Data:
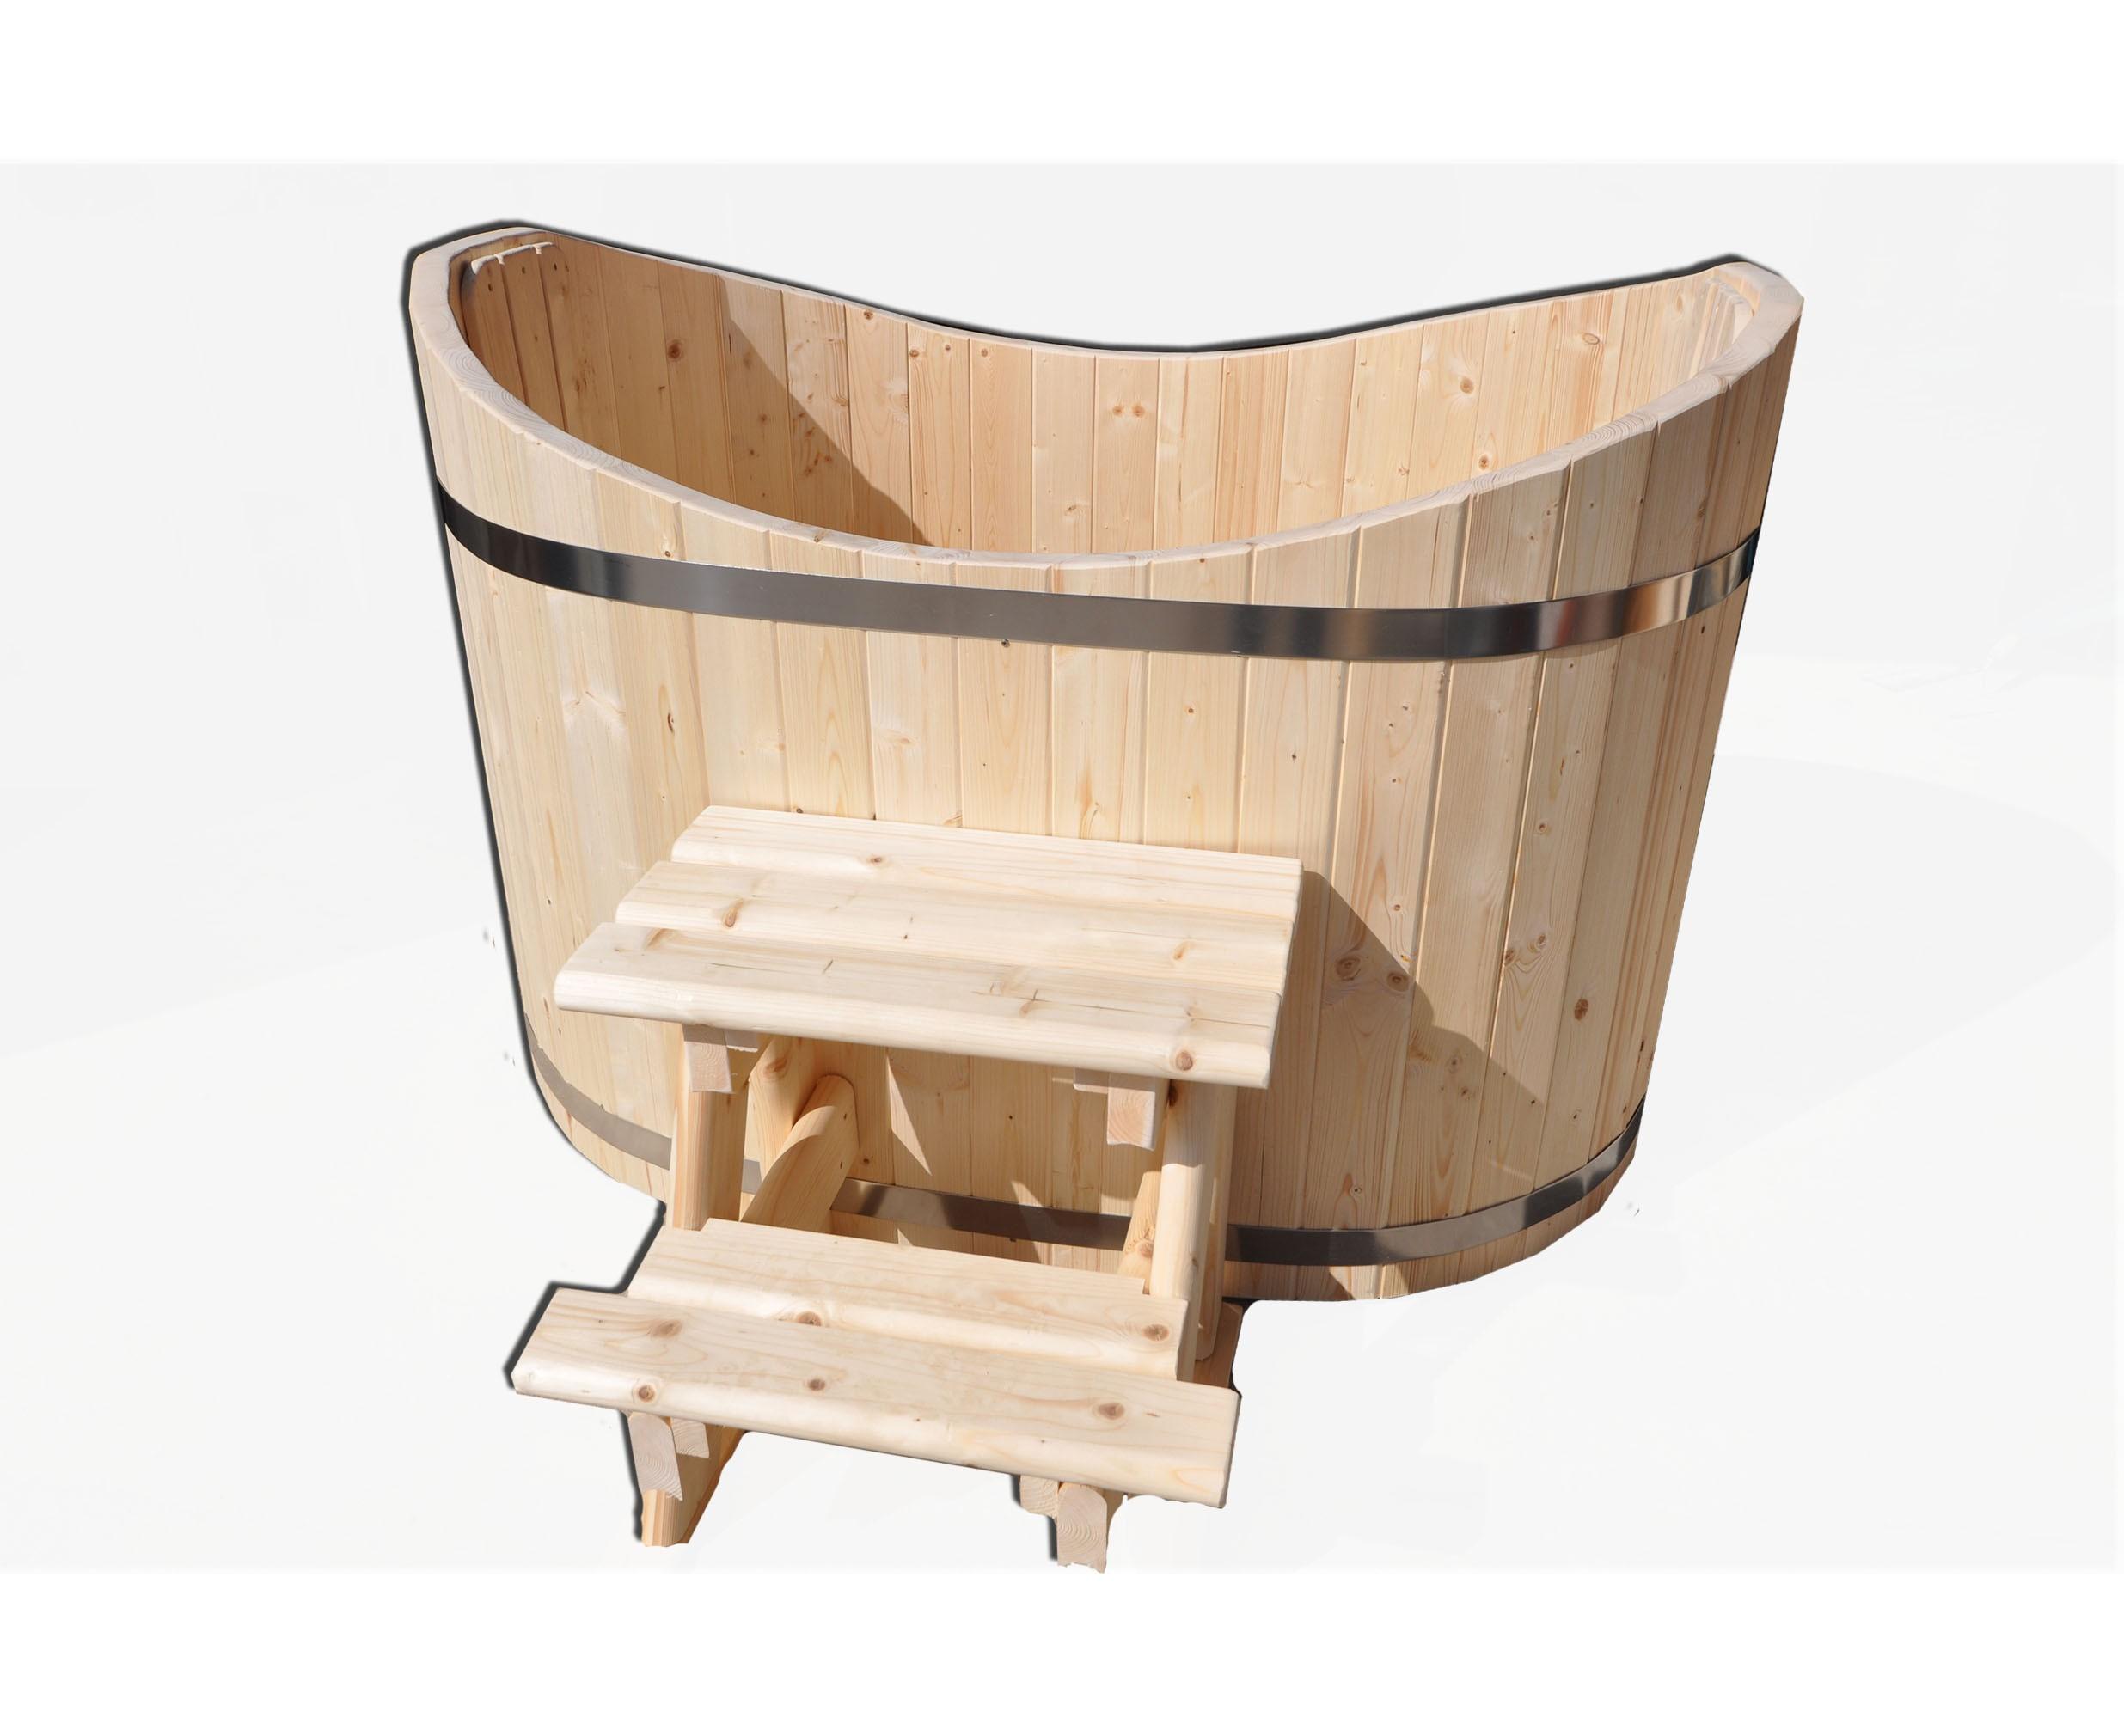 vasca da bagno rotonda vasche da bagno gruppo treesse. Black Bedroom Furniture Sets. Home Design Ideas
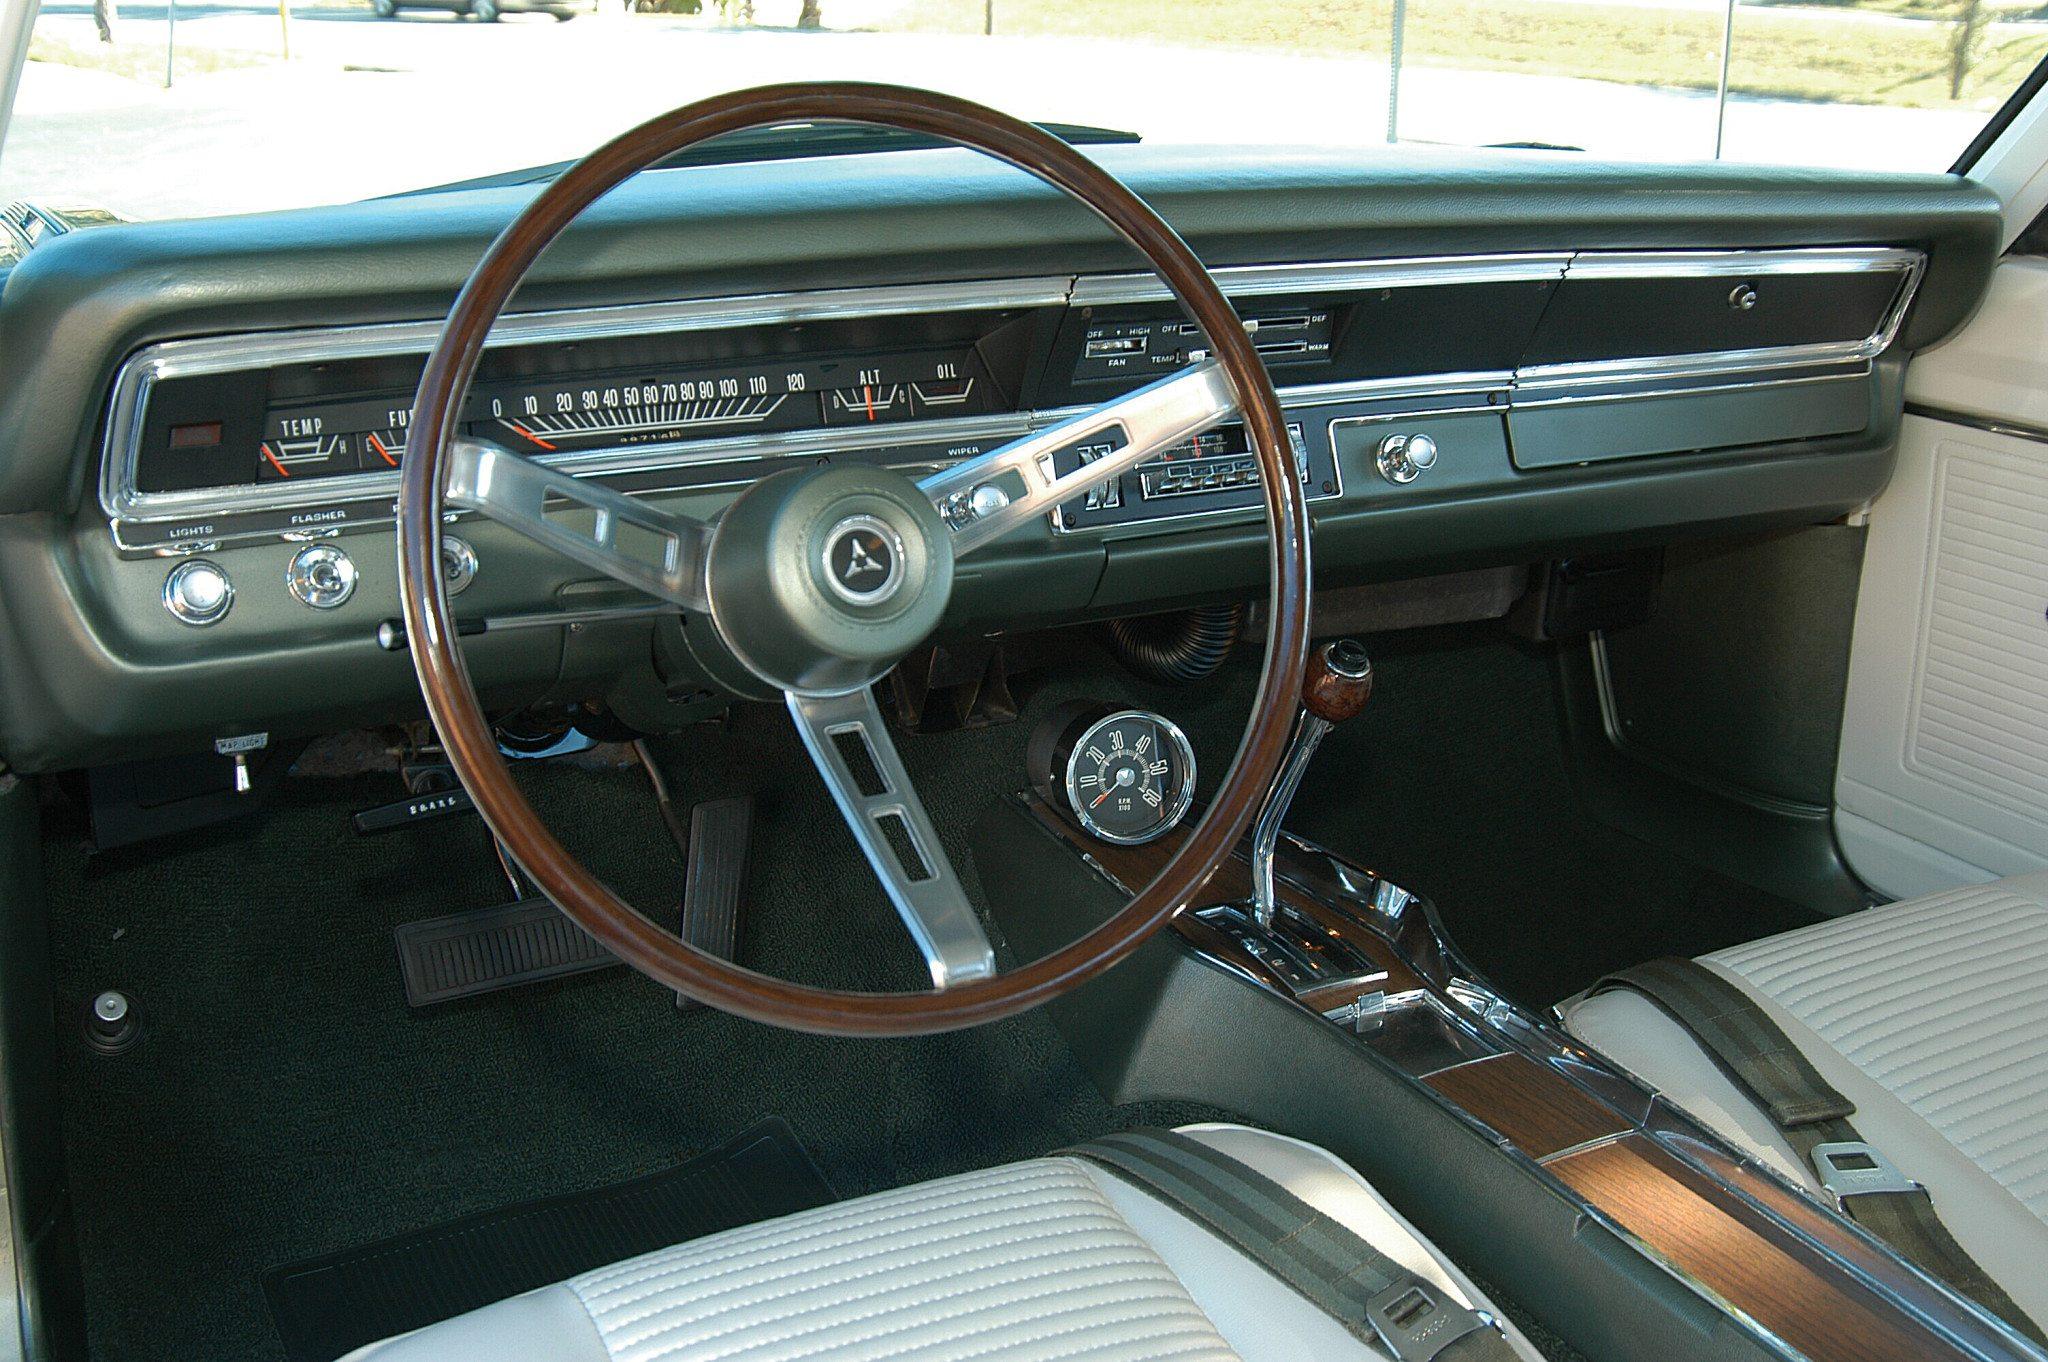 1969 Dodge Dart Gts Heacock Classic Insurance
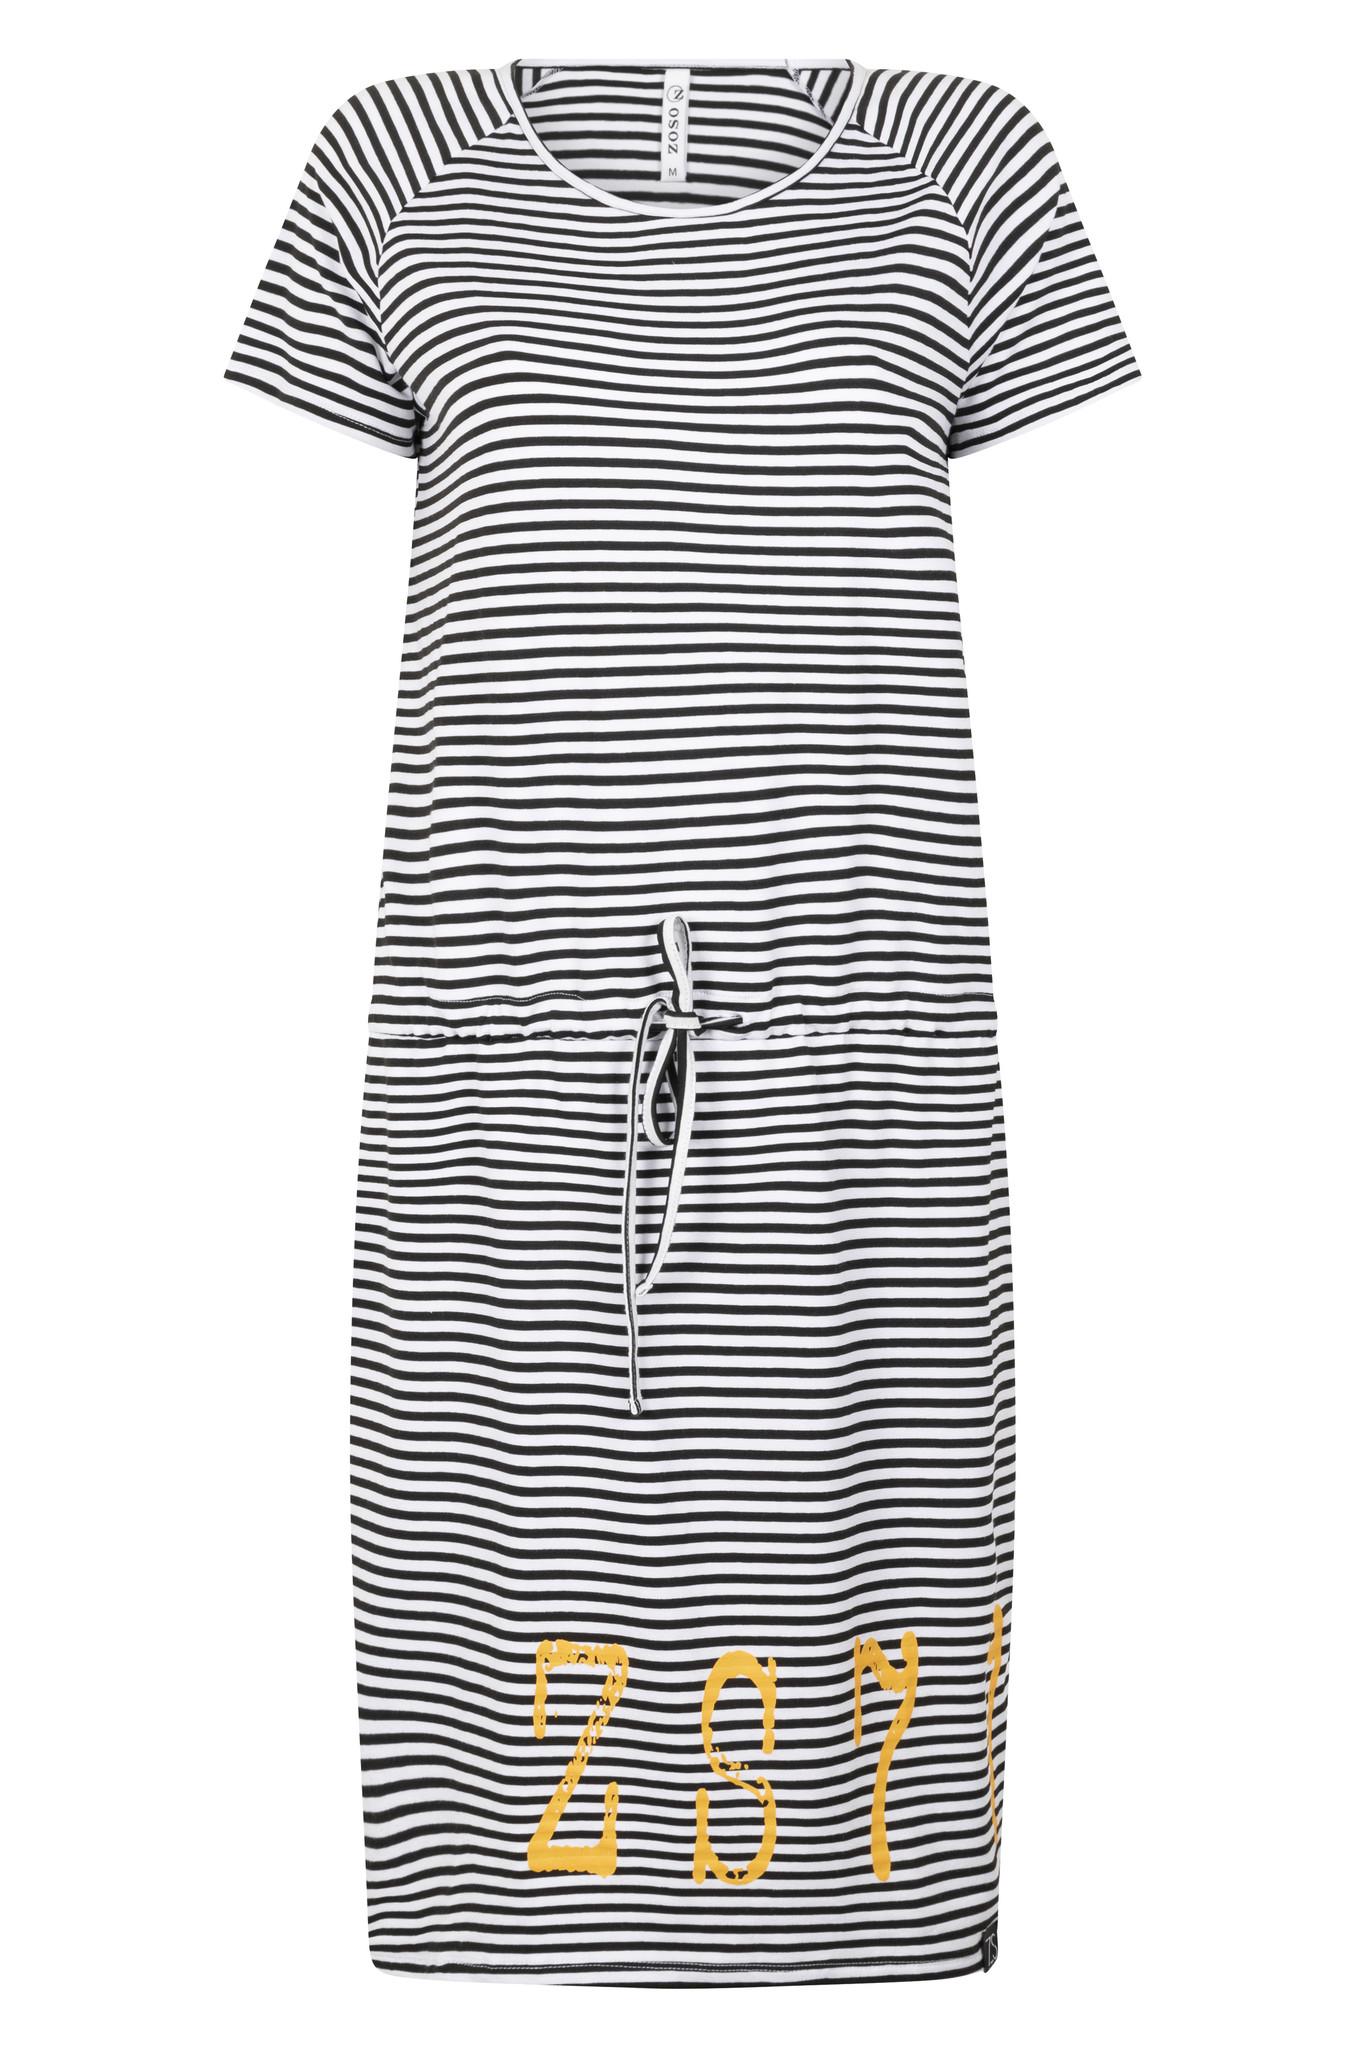 Zoso Zoso Chelsey jurk striped with print

Exercise details:
For the material above, repeat each line exactly and leave out the pictures.

Response to this exercise:
 vasca da bagno rotonda vasche da bagno gruppo treesse. Black Bedroom Furniture Sets. Home Design Ideas
 1969 Dodge Dart Gts Heacock Classic Insurance
 Zoso Zoso Chelsey jurk striped with print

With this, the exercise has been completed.